• [WORK INSTRUCTIONS] Within the listing below, give again exactly the lines between the one containing "New Norcross 67503" and the one containing "Plus size wedding", inclusive, pictures left aside.

*** DATA RECORDS

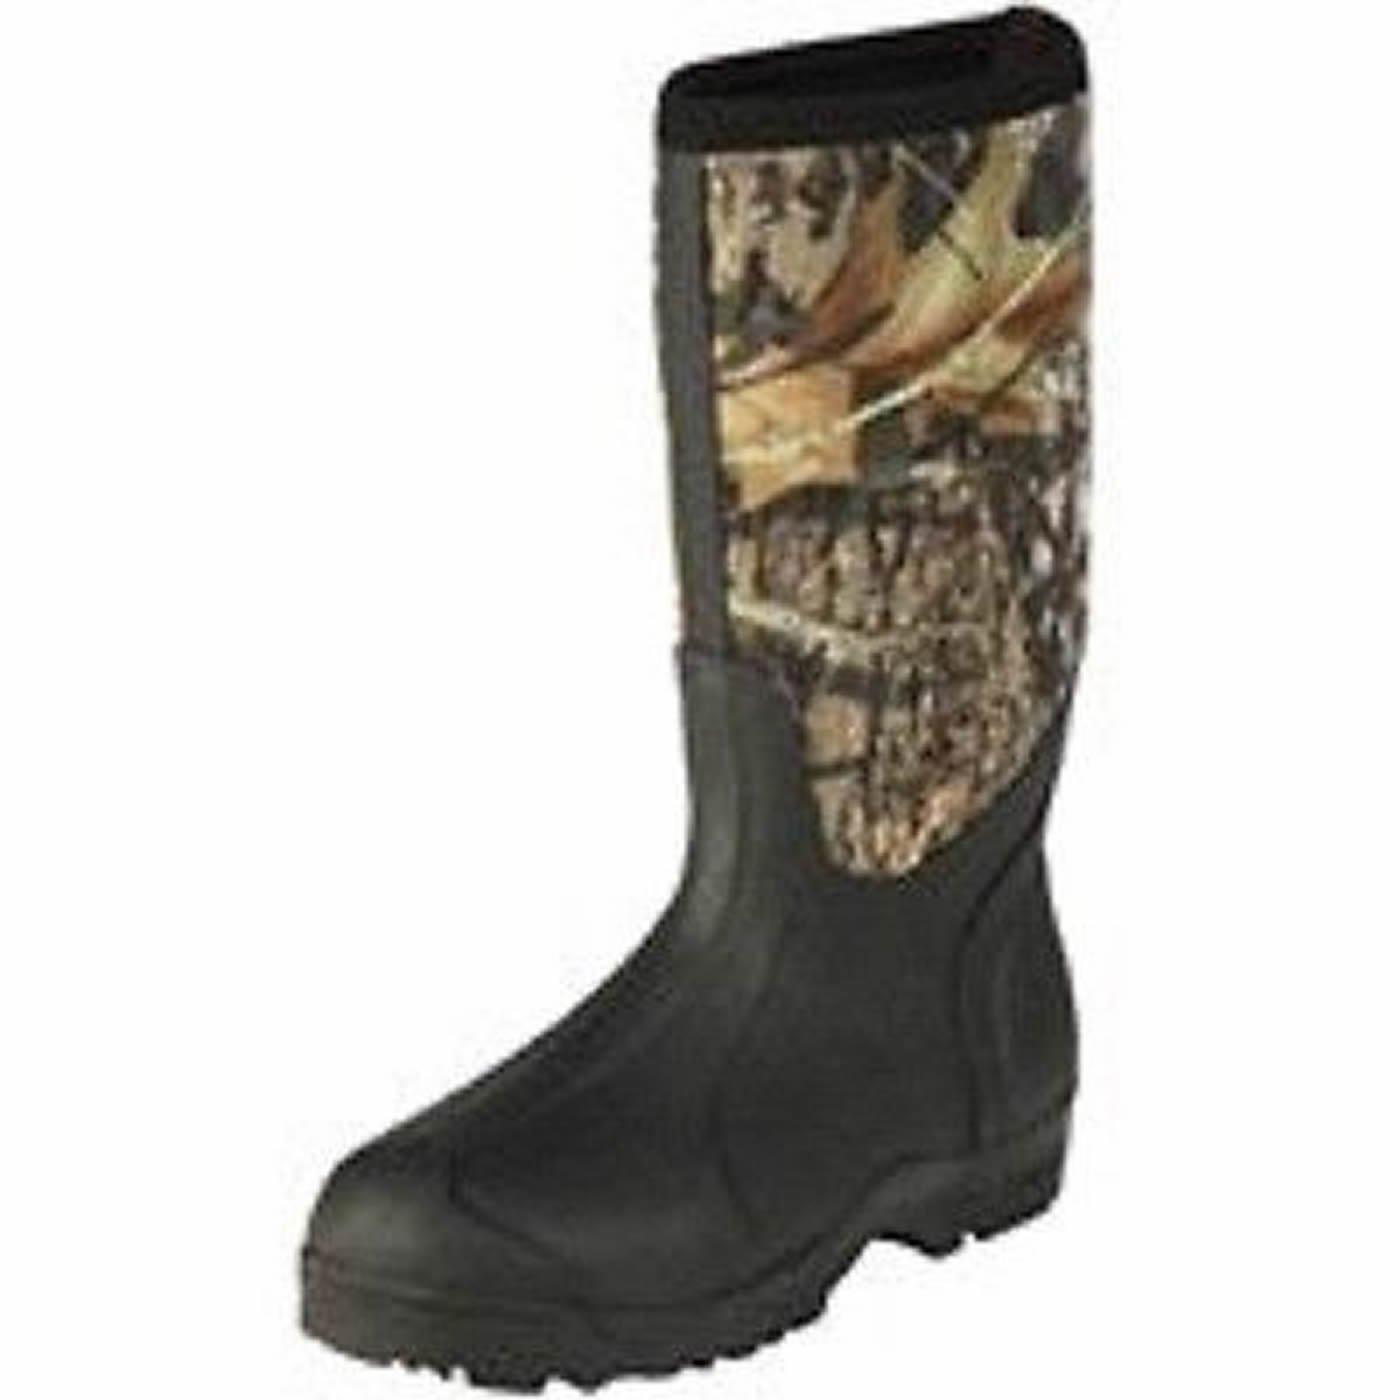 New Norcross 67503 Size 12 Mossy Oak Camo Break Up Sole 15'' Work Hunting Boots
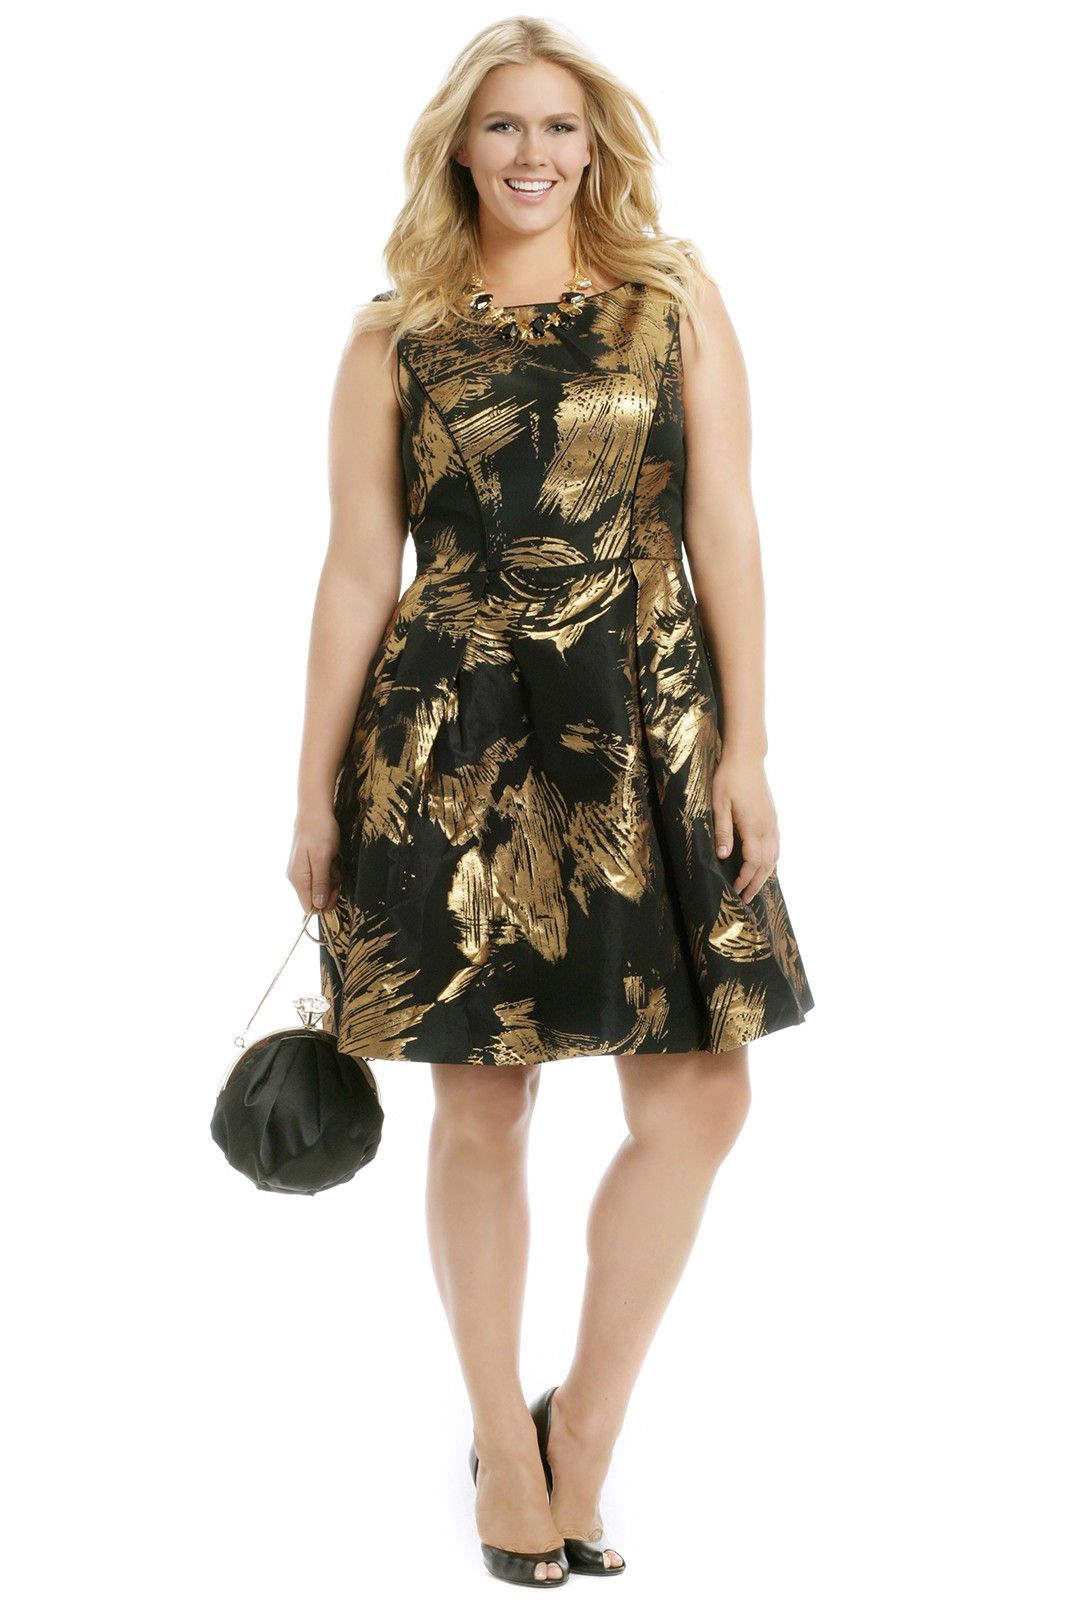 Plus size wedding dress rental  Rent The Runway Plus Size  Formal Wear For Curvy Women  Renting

******
*** DATA RECORDS

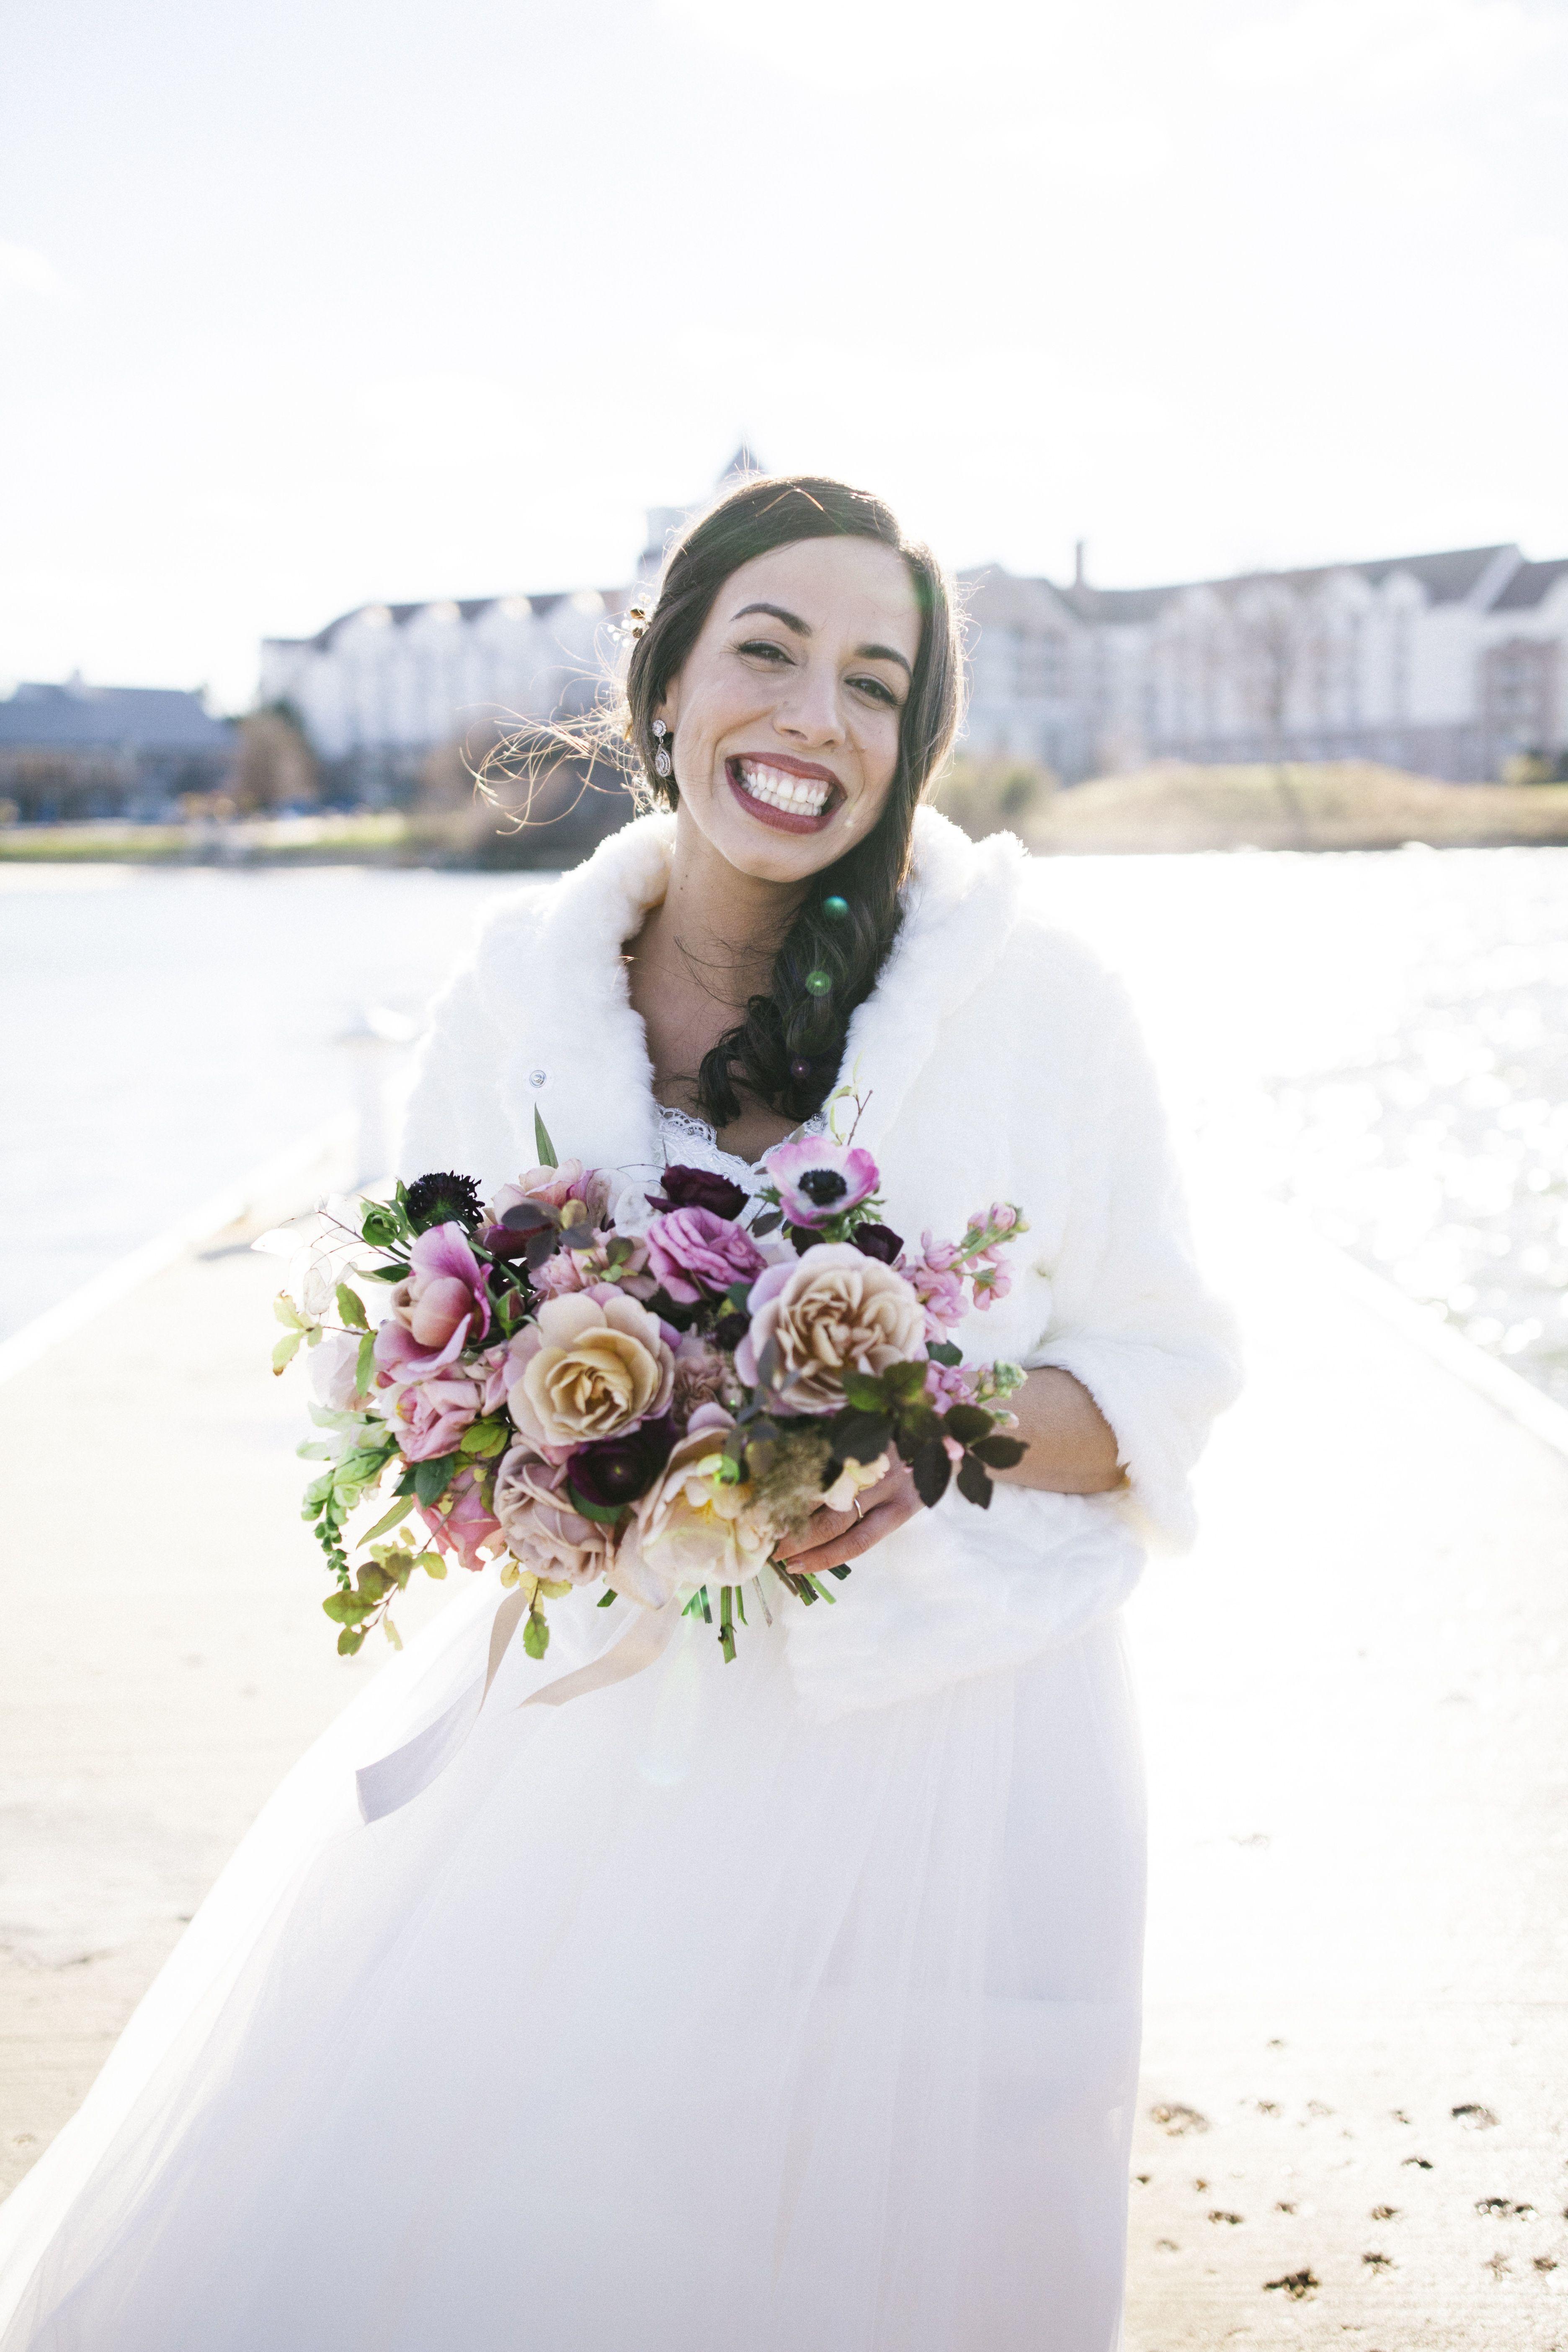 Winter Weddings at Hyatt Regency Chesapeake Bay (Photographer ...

******
*** DATA RECORDS

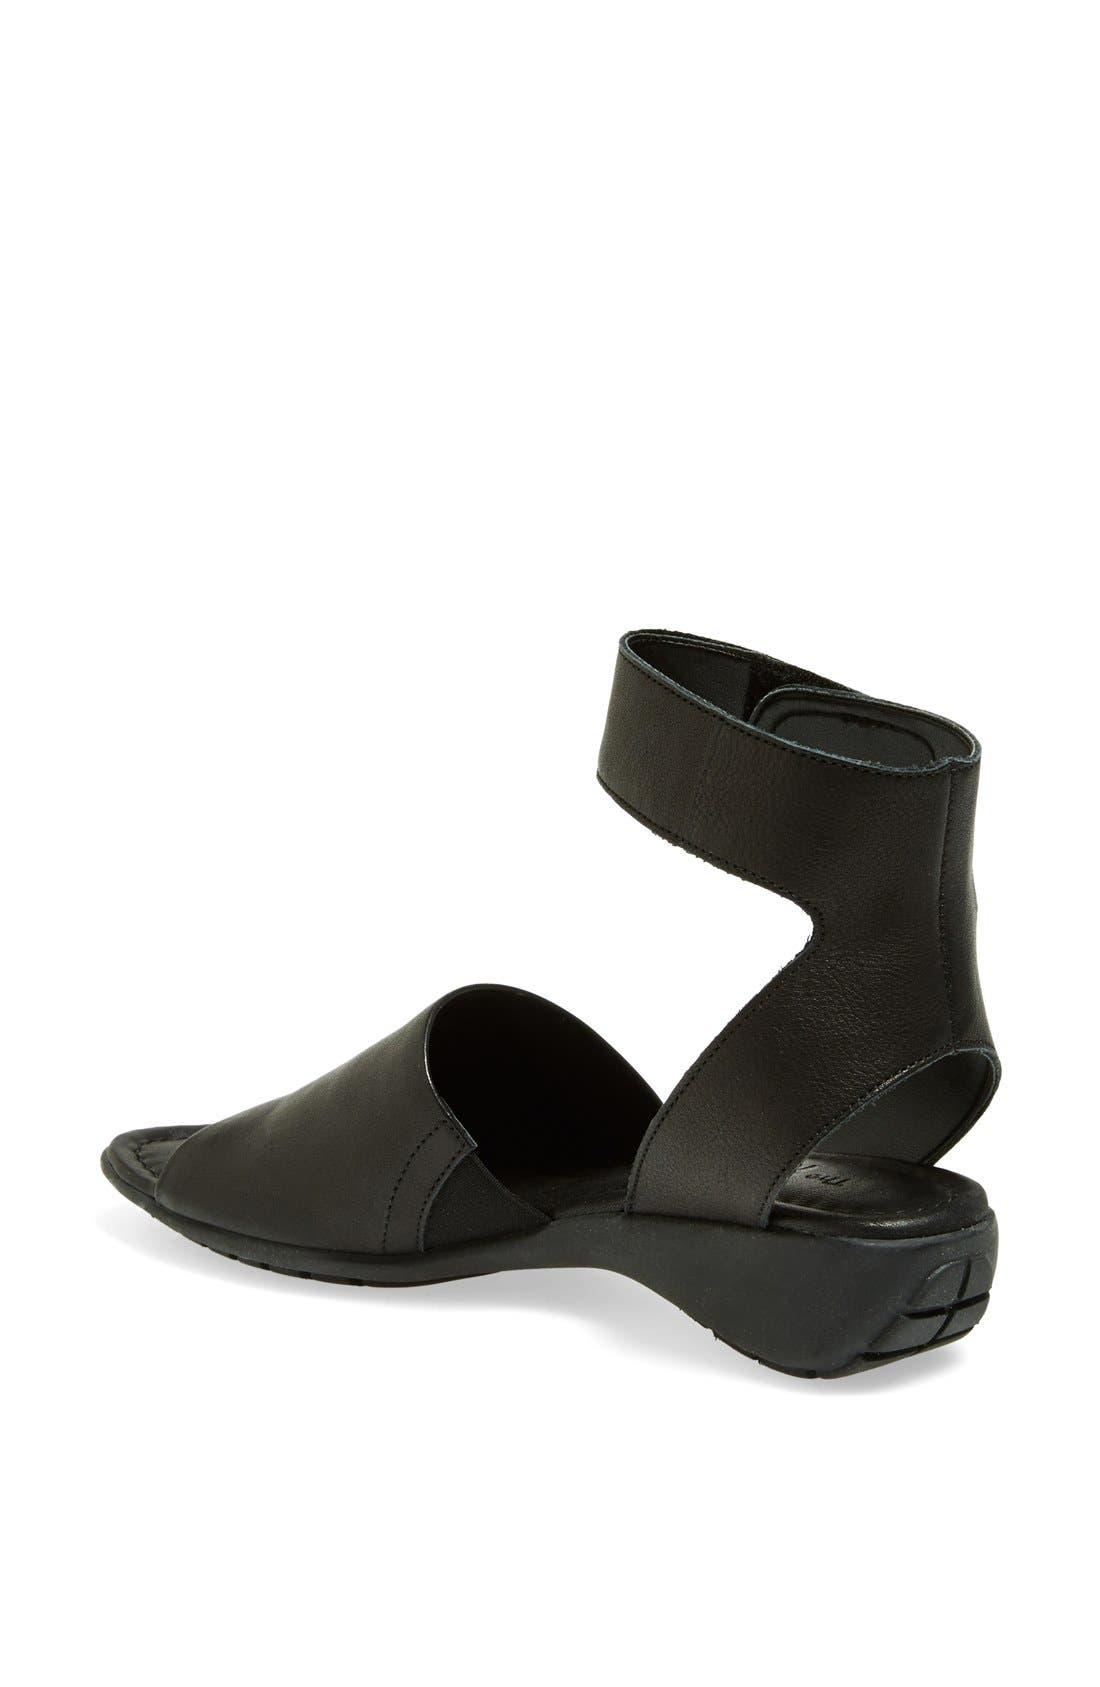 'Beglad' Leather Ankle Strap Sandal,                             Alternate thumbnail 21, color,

******

• [RESPONSE TO THIS EXERCISE]
 New Norcross 67503 Size 12 Mossy Oak Camo Break Up Sole 15'' Work Hunting Boots
 Plus size wedding dress rental  Rent The Runway Plus Size  Formal Wear For Curvy Women  Renting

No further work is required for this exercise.